MAHKEMESİ :Asliye Ceza Mahkemesi
SUÇ : Nitelikli hırsızlık
HÜKÜM : Mahkumiyet
Mahalli mahkemece verilen hüküm temyiz edilmekle dosya incelenerek, gereği düşünüldü:
Hükümlü ... hakkında ... 2. Asliye Ceza Mahkemesi’nin 2002/255 Esas, 2002/583 Karar sayılı dosyasında 18/07/1999 tarihinde işlediği muhkem eşyayı kırmak suretiyle hırsızlık suçundan yapılan yargılama sonunda 12/09/2002 tarihli kararla 765 sayılı TCK'nın 493/2-son, 522 ve 2253 sayılı Kanunun 12/2. maddeleri uyarınca 1 yıl 4 ay hapis cezası verilmiş ve bu karar temyiz edilmeksizin 14/10/2002 tarihinde kesinleşmiştir.
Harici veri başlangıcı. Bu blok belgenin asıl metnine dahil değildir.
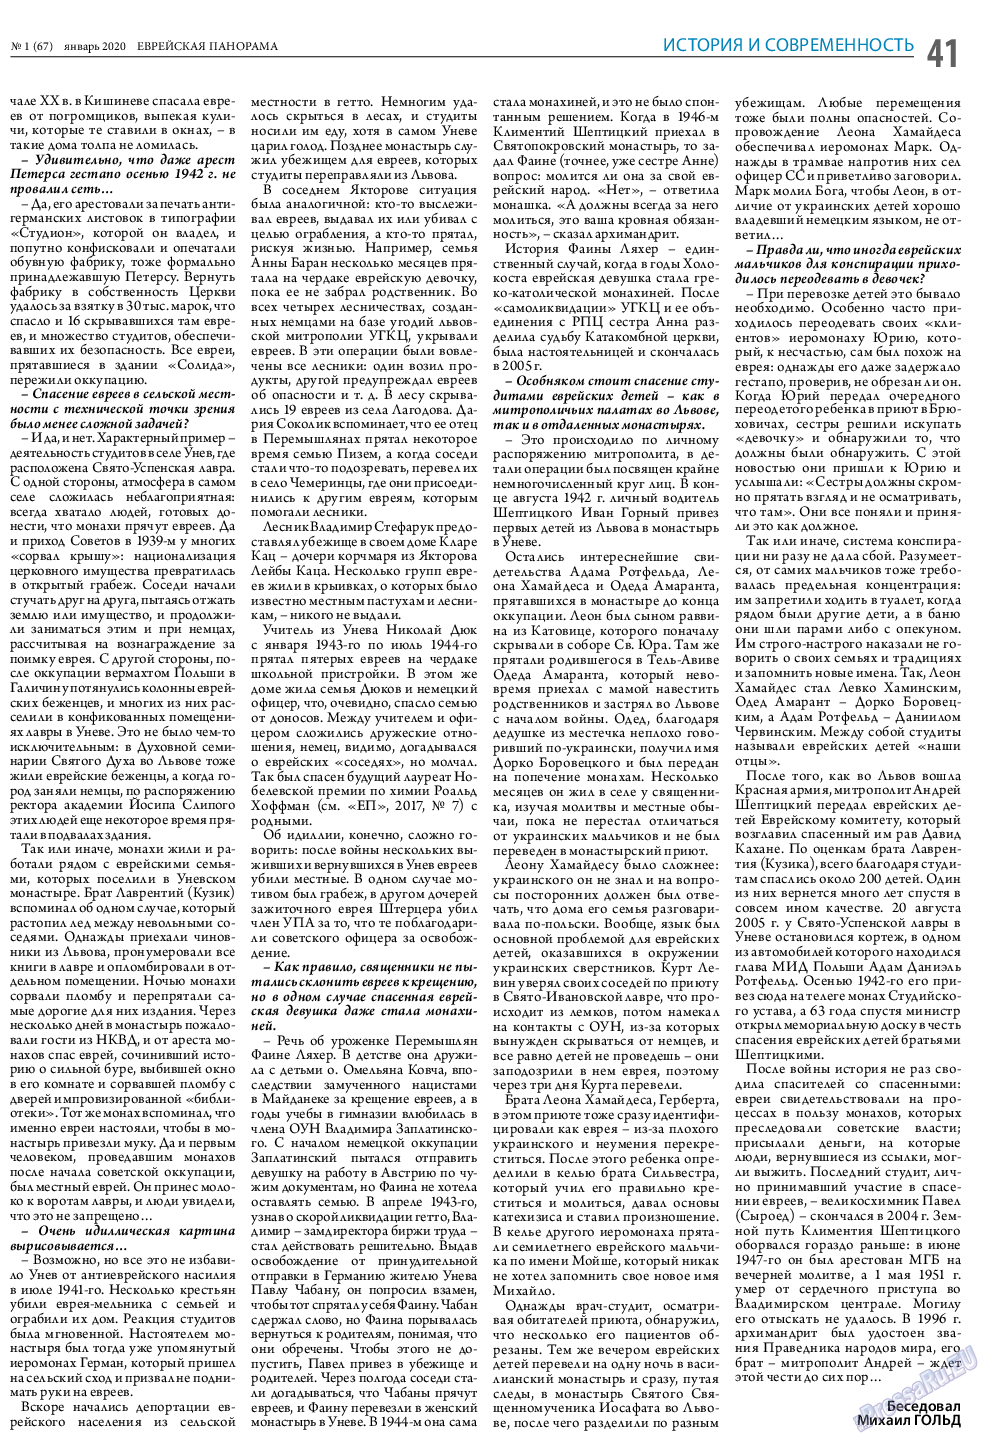 Еврейская панорама (газета). 2020 год, номер 1, стр. 41

Lehe kanun uygulanması münasebetiyle evrak üzerinden verilen 21/01/2009 tarihli ve aynı sayılı kararla eski kanunun lehe olduğu gerekçesiyle ... 2. Asliye Ceza Mahkemesi’nin 2002/255 Esas, 2002/583 sayılı kararıyla verilen 1 yıl 4 ay hapis cezasının aynen infazına karar verilmiştir.
Bu kararın hükümlü müdafiine tebliğ edilmesi üzerine, karar süresinde temyiz edilmiştir.
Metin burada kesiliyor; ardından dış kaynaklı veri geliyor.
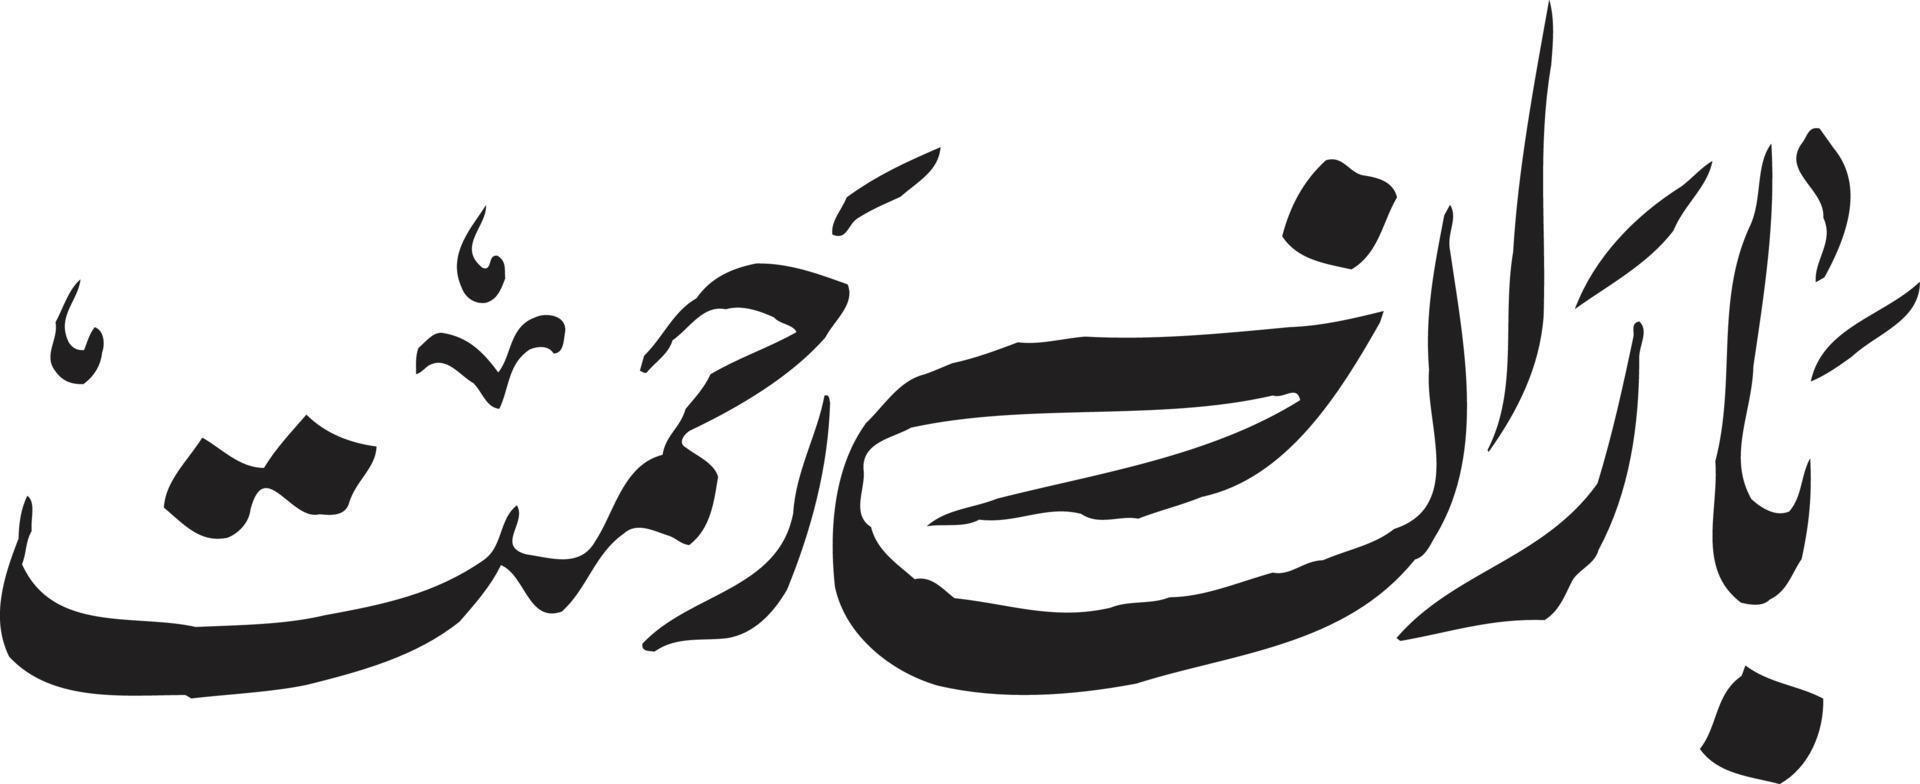 baran rahemat calligraphie islamique vecteur gratuit

Yargıtay Cumhuriyet Başsavcılığı, 5275 sayılı İnfaz Kanunu’nun 98. ve 101. maddeleri uyarınca kararın itiraza tâbi olduğu görüşündedir.
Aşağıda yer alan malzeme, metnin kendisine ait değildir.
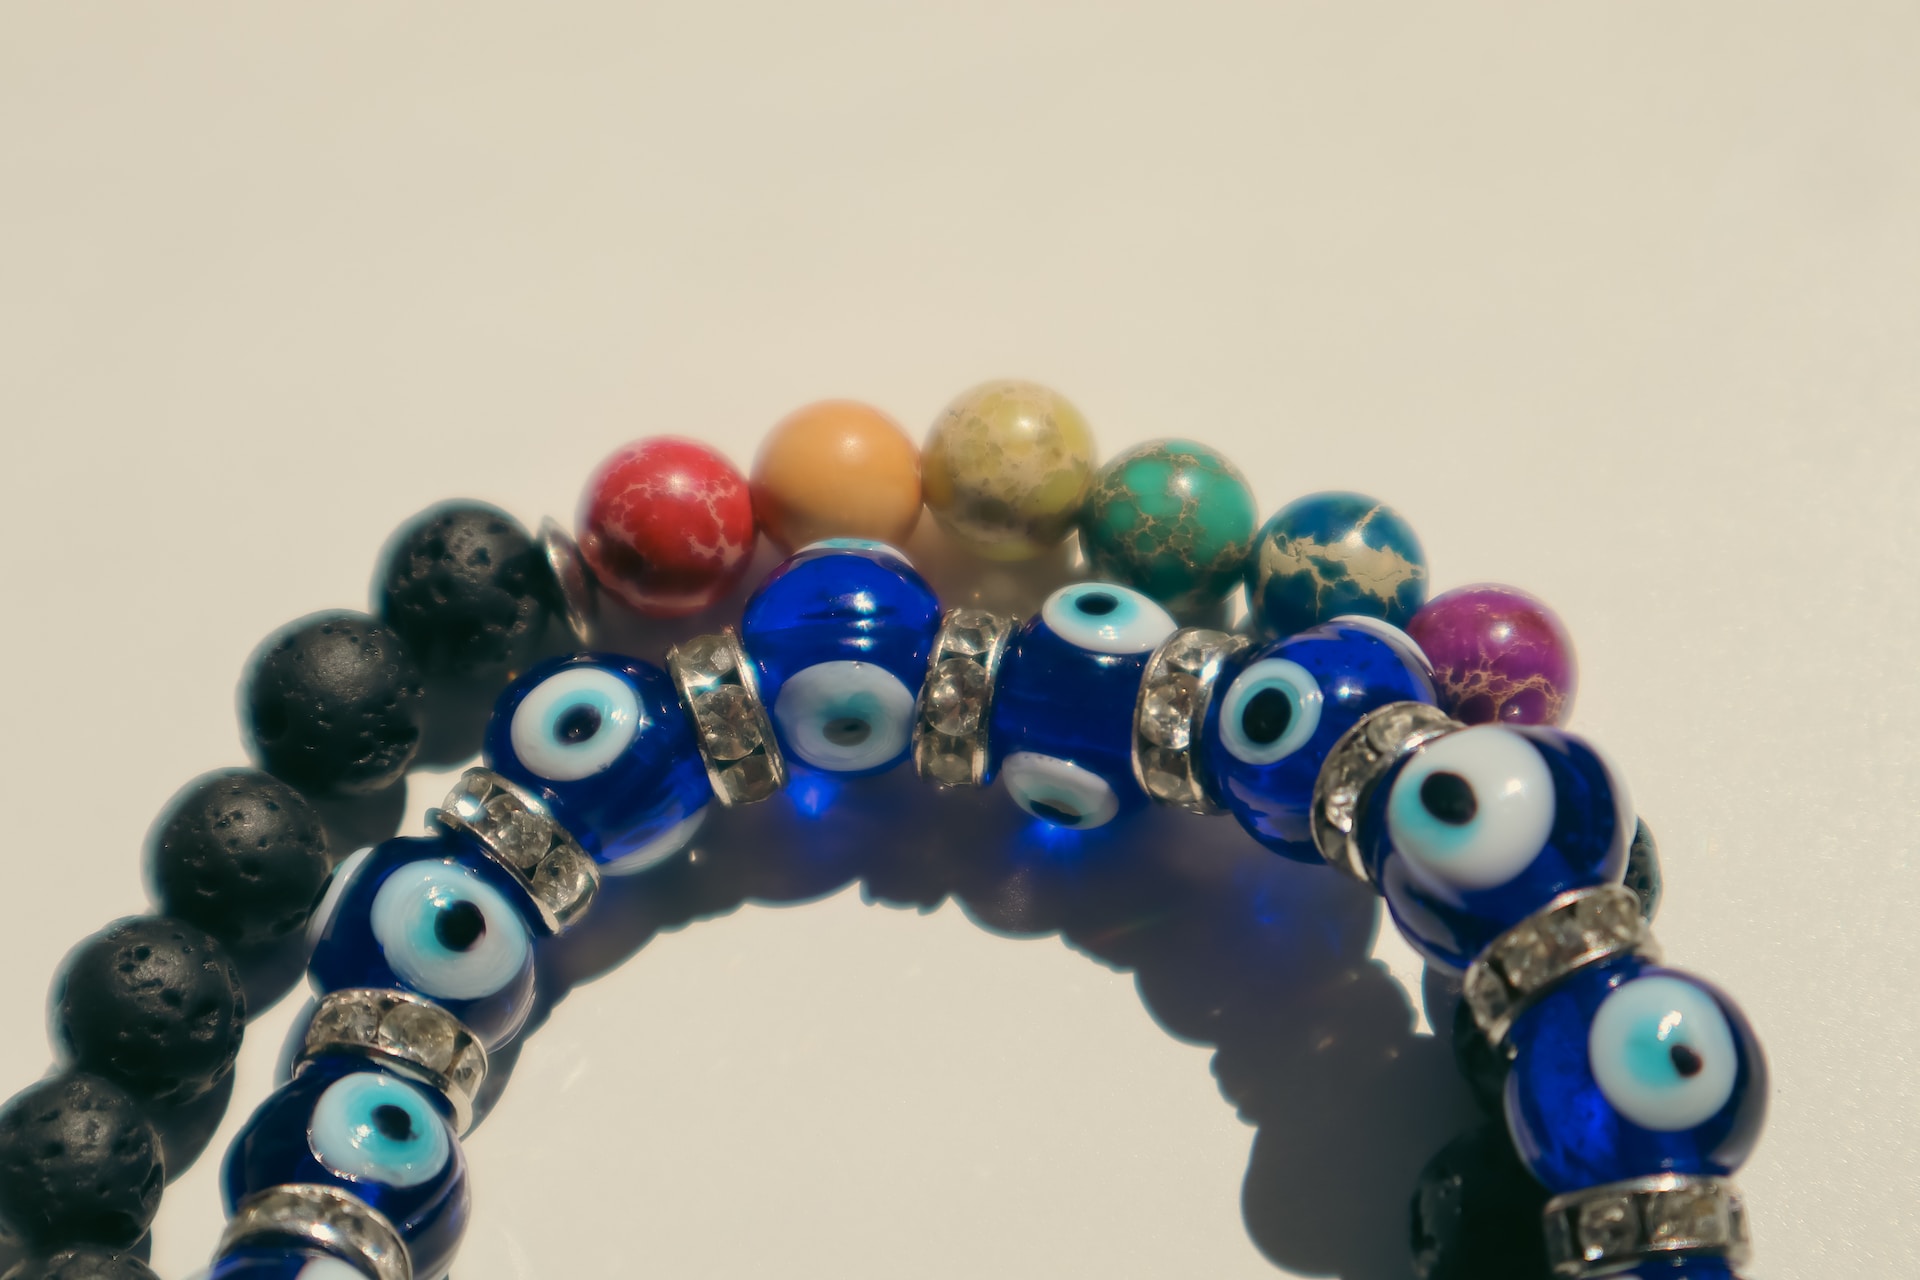 Evil Eye Necklace: Warding off Negativity with Style

Dosyada mevcut nüfus kaydına göre, hükümlünün 09.10.1984 doğumlu olup, suç tarihi itibariyle 12-15 yaş grubunda olduğu ve ek kararda bu yönden usul ve yasaya aykırı bir husus bulunmadığı anlaşıldığından, temyiz dilekçesinde hükümlünün 12 yaşından küçük olduğu için cezai sorumluluğu bulunmadığından bahisle kararın bozulması talebi yerinde görülmemiştir.
Ancak;
Uyarlama yargılaması, nispi bir yargılama olmakla birlikte, infaz yasası hükümleri nazara alınmaksızın, 5237 sayılı TCK'nın 7/2. maddesi ile 5252 sayılı Türk Ceza Kanununun Yürürlük ve Uygulama Şekli Hakkında Kanun’un 9/3. maddesindeki “Lehe olan hüküm, önceki ve sonraki kanunların ilgili bütün hükümleri olaya uygulanarak, ortaya çıkan sonuçların birbirleriyle karşılaştırılması suretiyle belirlenir.” şeklindeki düzenleme karşısında, duruşma açılarak önceki ve sonraki temel ceza kanunlarının ilgili bütün hükümleri olaya uygulanarak, ortaya çıkan sonuçların birbirleriyle karşılaştırılması suretiyle lehe yasanın belirlenmesi gerektiğinin gözetilmemesi,
Bozmayı gerektirmiş, hükümlü müdafiinin temyiz istemi bu itibarla yerinde görülmüş olduğundan, hükmün açıklanan nedenle tebliğnameye aykırı olarak BOZULMASINA, 13/09/2022 gününde oy birliğiyle karar verildi.